The article is a Mayo series of 184 patients seen over 37 years.
Definition: lower body tremor activated on standing, absent when seated or lying, improved by walking or leaning. Patients report leg shaking, unsteadiness and imbalance. Electrophysiologic findings are unique: a 13-18 hz tremor of lower limbs or trunk.
Demographics: 64 percent were female, mean age 59 years, (range 13-88) . One hundred percent reported symptoms only when standing and absent while seated. Descriptions included "imbalance, unsteadiness, weakness, 'funny feeling,' 'jelly legs,' leg tightness, pain, tremor, shakiness, or quivering. Sixty percent of cases included the arms. 24 percent had falls. 28 percent had other types of tremors included ET, which could be associated with a response to alcohol. Other associated tremors included head tremor (1), handwriting tremor (2), functional (1), jaw tremor (1). Forty percent had other neurologic diseases including Parkinson's and many others, degenerative or otherwise. Nine patients had a family history of orthostatic tremor.

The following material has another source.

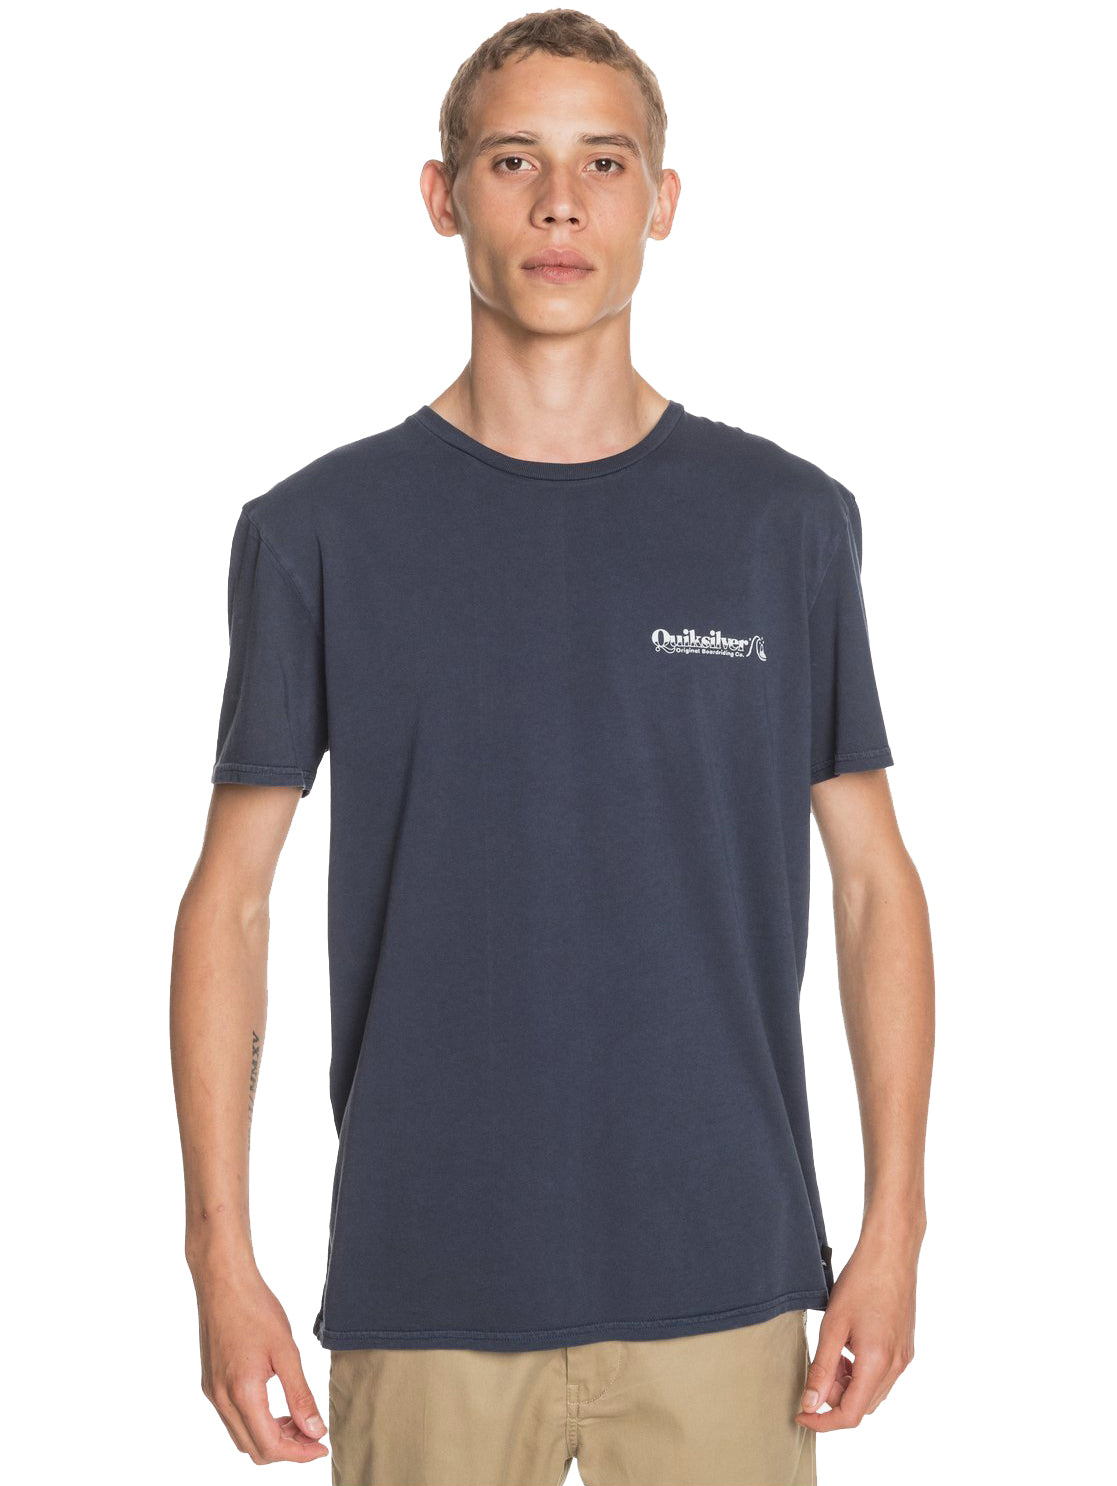 Quiksilver Sun Damages Mens Tee BYP0 S
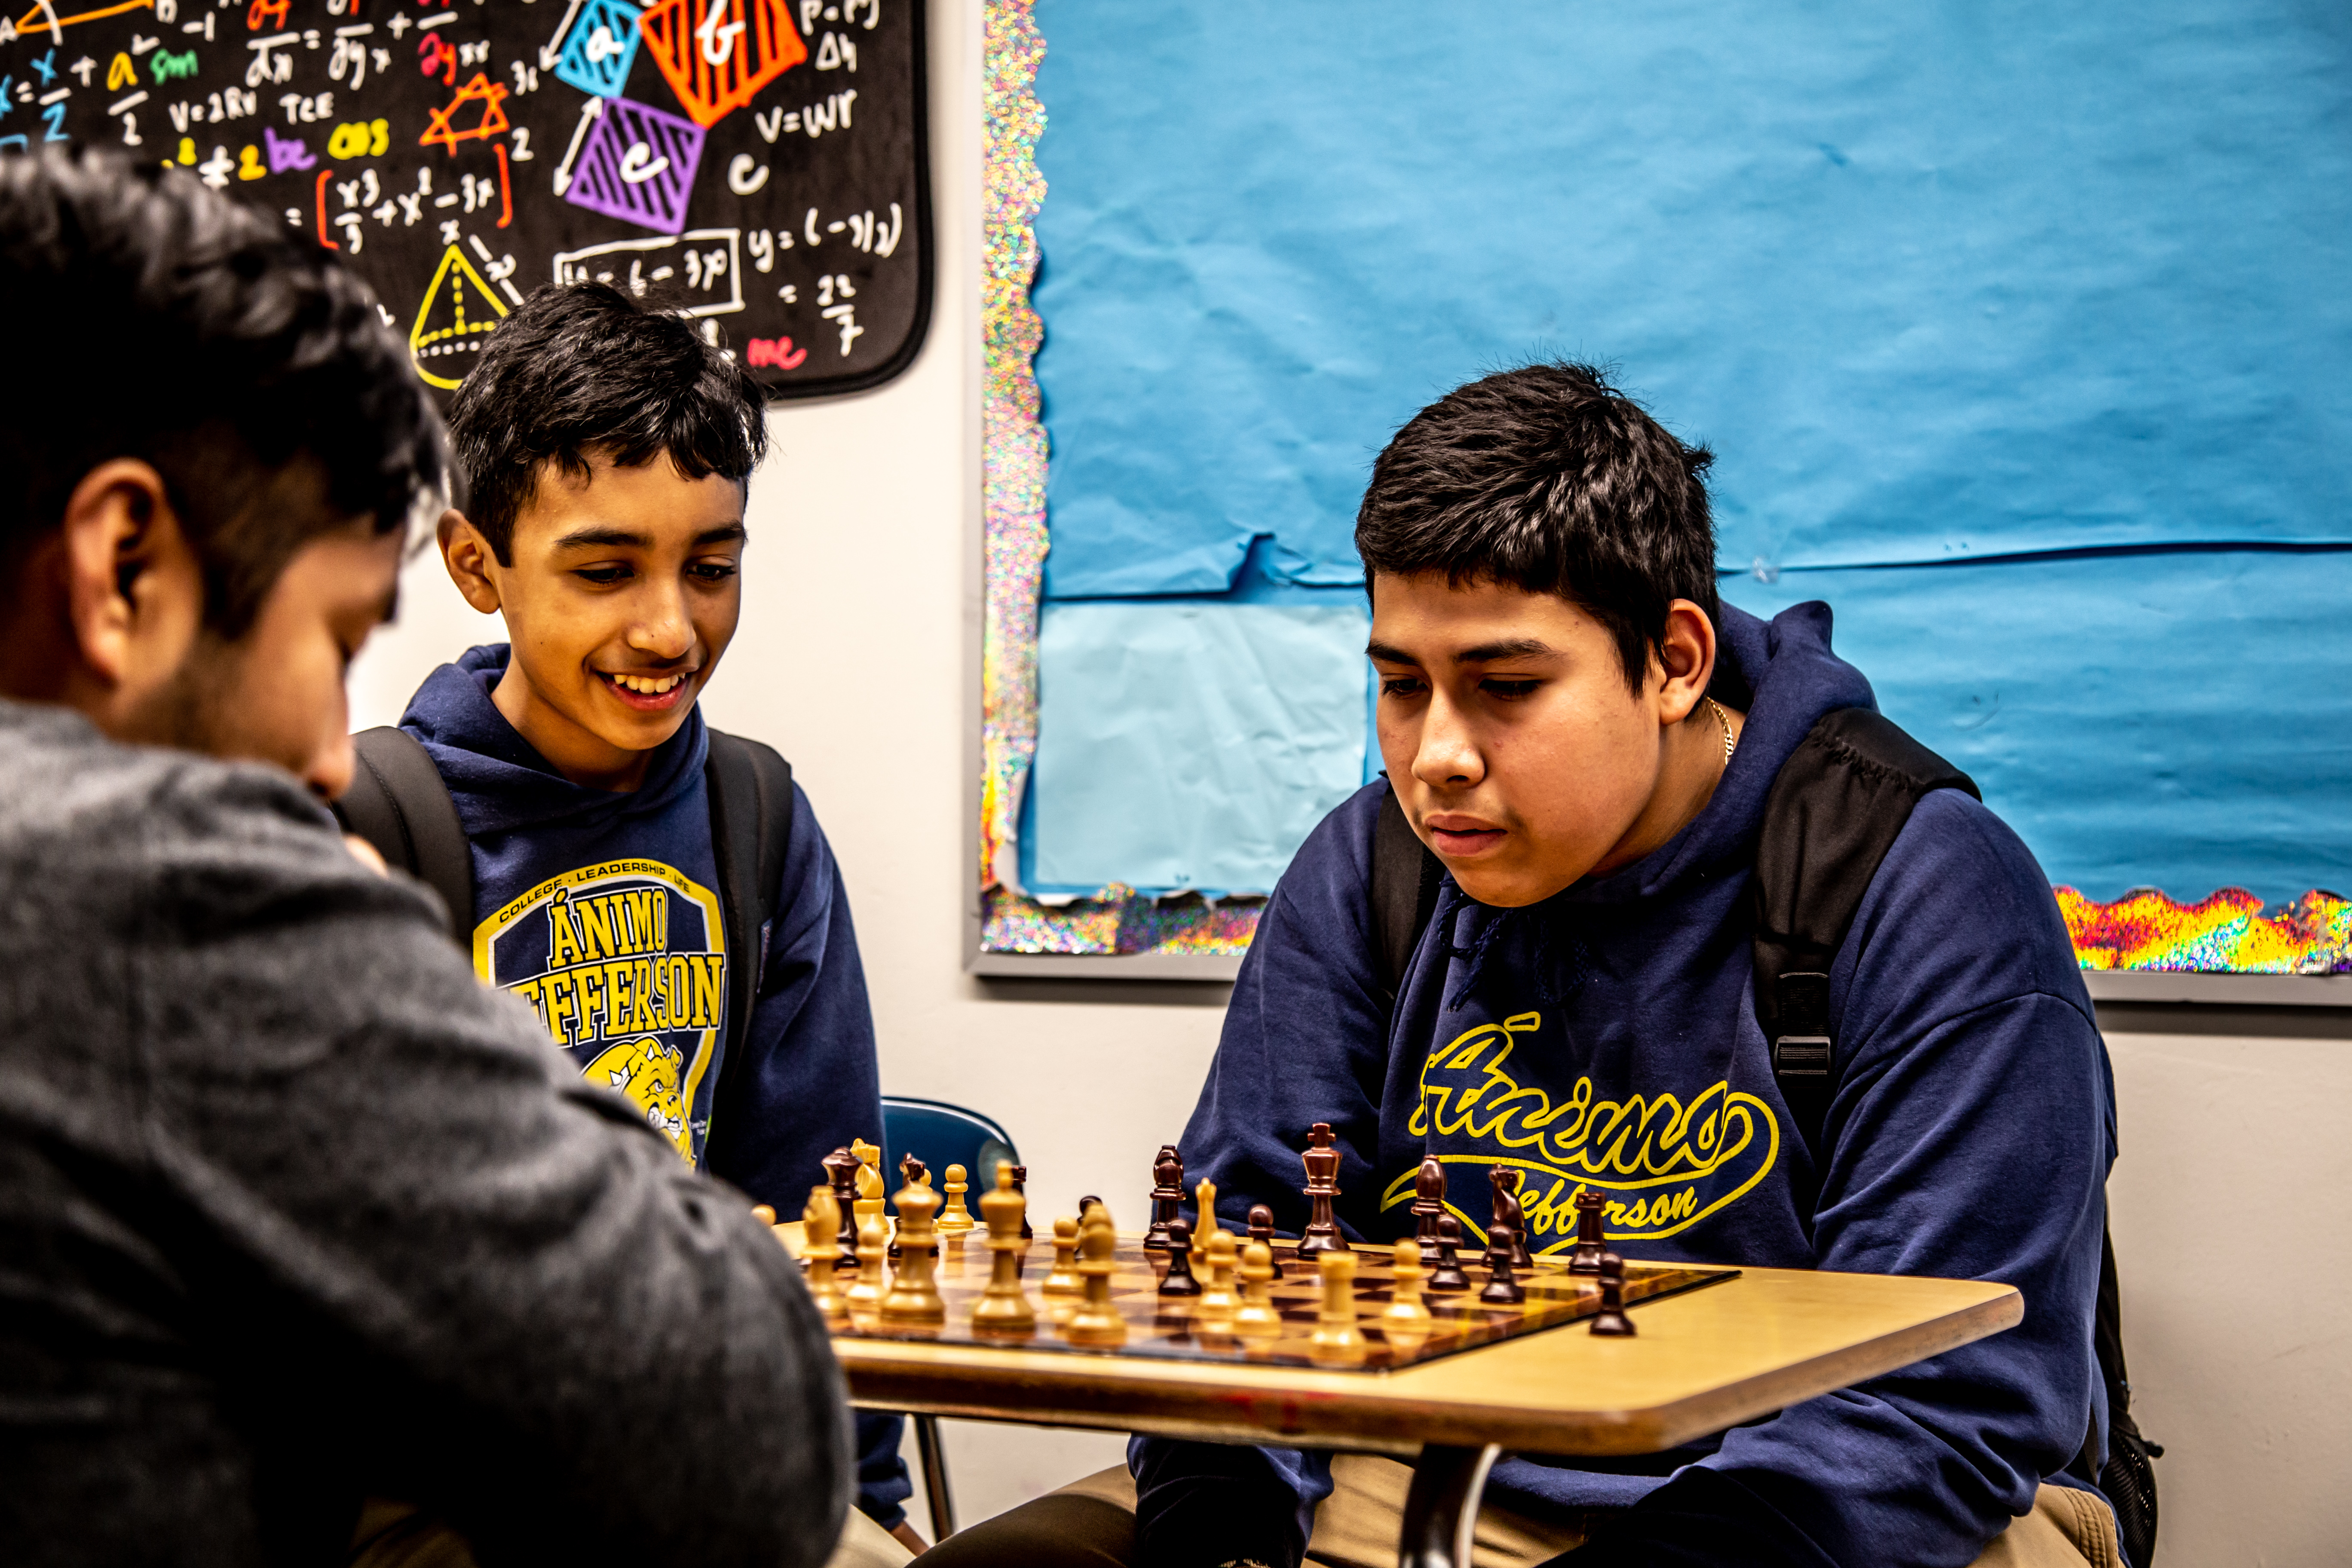 How One Math Lesson Turned Into a Chess Club – Updates from Green

Medication responsiveness occurred in 139 patients. Sixty seven percent of medications prescribed did not demonstrate benefit. The most efficacious was benzodiazepines, especially clonazepam, with 48 percent of patients so treated showing moderate or marked benefit. Thirty three percent of patients given gabapentin showed mild or moderate benefit, with lower responses to valproate, primidone, levodopa (only 1/33 responding), and no benefit from anxiolytics or antidepressants. The responsiveness to clonazepam diminished over time , and of those only a few, 16 got benefit from another drug, including gabapentin, valproic acid, propranolol, pramipexole, bromazepam, primidone, carbi-levodopa, and pregabalin. Three patients underwent DBS and improved.
There was a high personal anf family history of PD (8.9 and 10.7 percent).
EMG is easy and pathognomonic. MRI's often show various types of white matter disease and occasional meningiomas.